O cogumelo Agaricus blazei também possui a capacidade de melhorar as defesas do organismo. Vários estudos feitos com essa variedade, por pesquisadores japoneses e norte-americanos, encontraram no cogumelo Agaricus blazei componentes que estimulam a produção de novas células de defesa do organismo, tais como as células B, que produzem anticorpos (imunoglobulinas – imunidade humoral); as células T, que atacam as bactérias e vírus diretamente (imunidade celular) e as células natural killers (NK), que atacam qualquer invasão prejudicial, e representam 15% dos glóbulos brancos do sangue. Os principais componentes ativos presentes no fungo seriam os polissacarídeos Beta-D-glucana, o ácido ribonucléico, heteroglucana, xyloglucana, lecitina, etc. Introduzidos nos glóbulos brancos, esses elementos liberariam anticorpos que destroem ou impedem a proliferação de células cancerígenas A presença de esteróides naturais (ergosterol), também é relevante na ação anti-cancerígena.

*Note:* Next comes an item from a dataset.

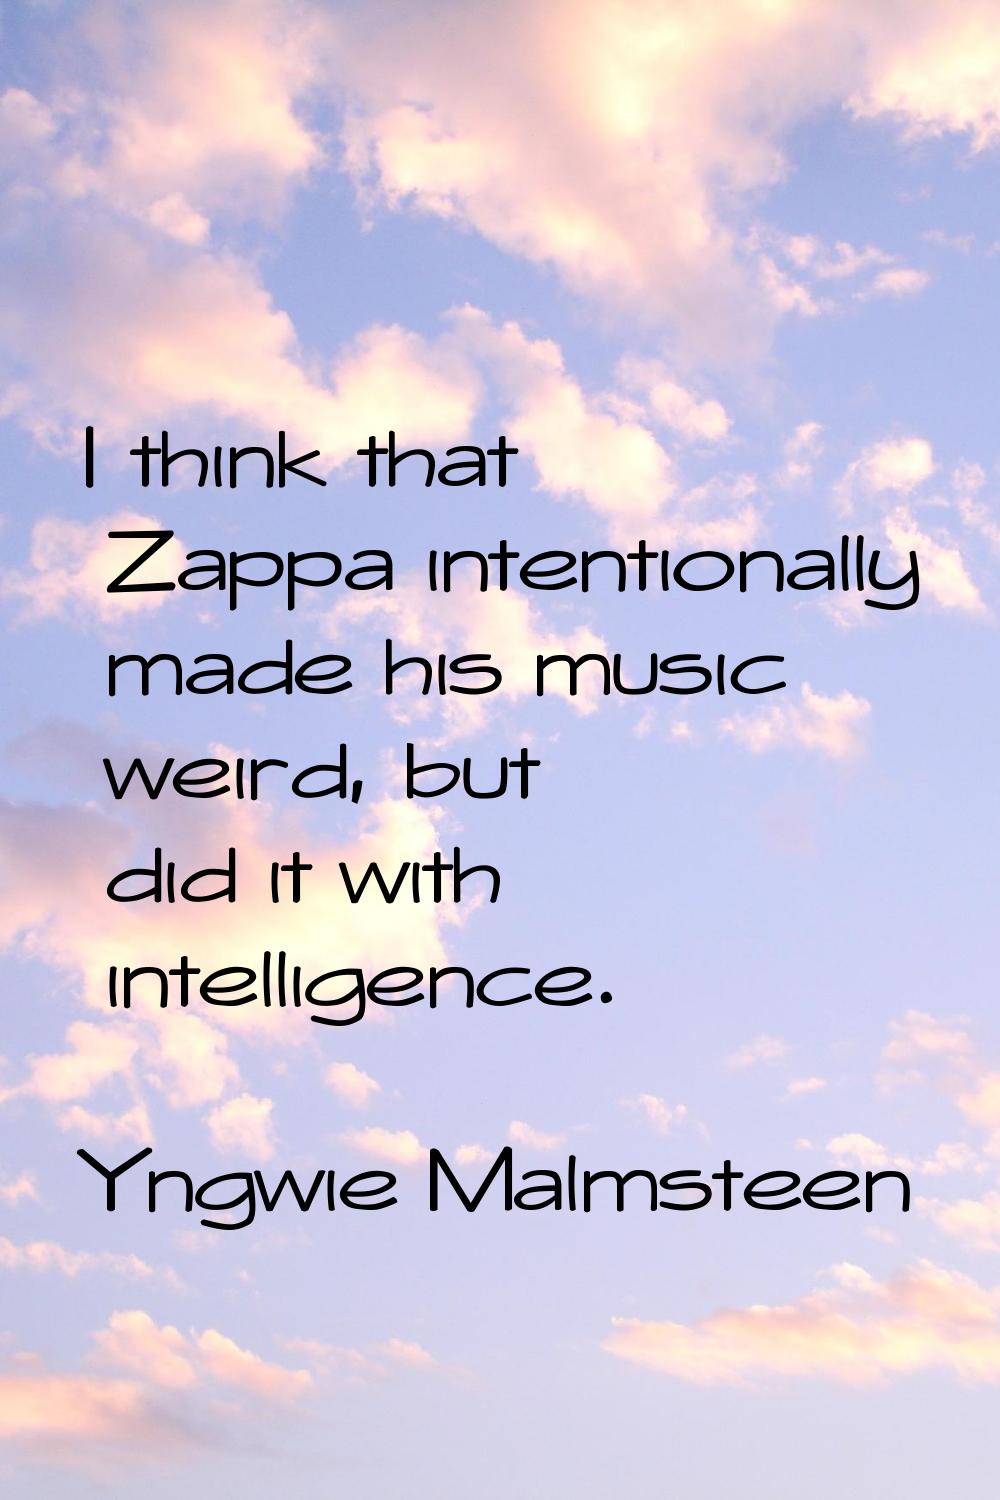 I think that Zappa intentionally made his music weird, but did it with intelligence.

Alguns estudos mostram também que cogumelos em geral, principalmente aqueles da variedade Agaricus blazei auxiliariam no controle da pressão arterial, do colesterol e da arteriosclerose pela sua riqueza em fibras e gorduras não saturadas. A espécie blazei também seria rica em vitaminas B1 e B2, além de apresentar grandes quantidades de ergosterol que pode ser convertido em vitamina D2 quando seco ao sol ou desidratado.
Cogumelos: últimas considerações
A busca por substâncias ou métodos que aumentem ou potencializem o sistema imunológico, de forma a induzir uma resistência sem causar efeitos colaterais deletérios ao organismo, tem sido uma das mais importantes buscas da ciência na cura contra o câncer e outras doenças debilitantes.
Diante dos possíveis efeitos benéficos proporcionados pelos cogumelos, especialmente as espécies Lentinus edodes (shiitake) e Agaricus blazei, fica evidenciado a importância de mais pesquisas experimentais e clínicas com esses alimentos, com o objetivo de elucidar de forma mais precisa o papel desses cogumelos como agentes preventivos e curativos.
A história do cogumelo
O cogumelo tem uma longa história. Alguns estudiosos registram vestígios desse fungo num período que vai de 3.000 a 7.000 anos atrás. Na América anterior à descoberta, “cogumelos mágicos” eram empregados em cerimônias religiosas, por suas propriedades alucinógenas.
Por sua capacidade de brotar rapidamente da madeira apodrecida ou do esterco dos animais, os antigos viam no cogumelo um sinal religioso. Os egípcios acreditavam que os cogumelos eram oferenda do Deus Osíris. Os romanos pensavam que os cogumelos eram resultados dos raios lançados sobre a terra por Júpiter, durante as tempestades, o que explicaria sua “aparição mágica”.
Entre os chineses, os cogumelos eram procurados nas matas para serem empregados com fins medicinais há 3.000 anos. Até 40 anos atrás, o consumo de cogumelo ainda se limitava à colheita das espécies silvestres. No mercado, custavam caro e só eram encontrados em casas especializadas.
Hoje é bem diferente. O número de plantadores cresceu muito, o preço ficou acessível e os cogumelos podem ser encontrados nas feiras e supermercados. Quem quiser aprender a cultivá-los, basta procurar sites na internet.
O aumento da produção e do consumo veio na esteira das pesquisas. Não por acaso, foram os japoneses que mais pesquisaram os cogumelos, e são eles os maiores consumidores e defensores dos seus benefícios. Estima-se que já existam mais de 30 tipos de cogumelos catalogados como tendo propriedades terapêuticas. As espécies mais consumidas e pesquisadas, e mais conhecidas entre nós são o shiitake, o Agaricus blazei e o reishi.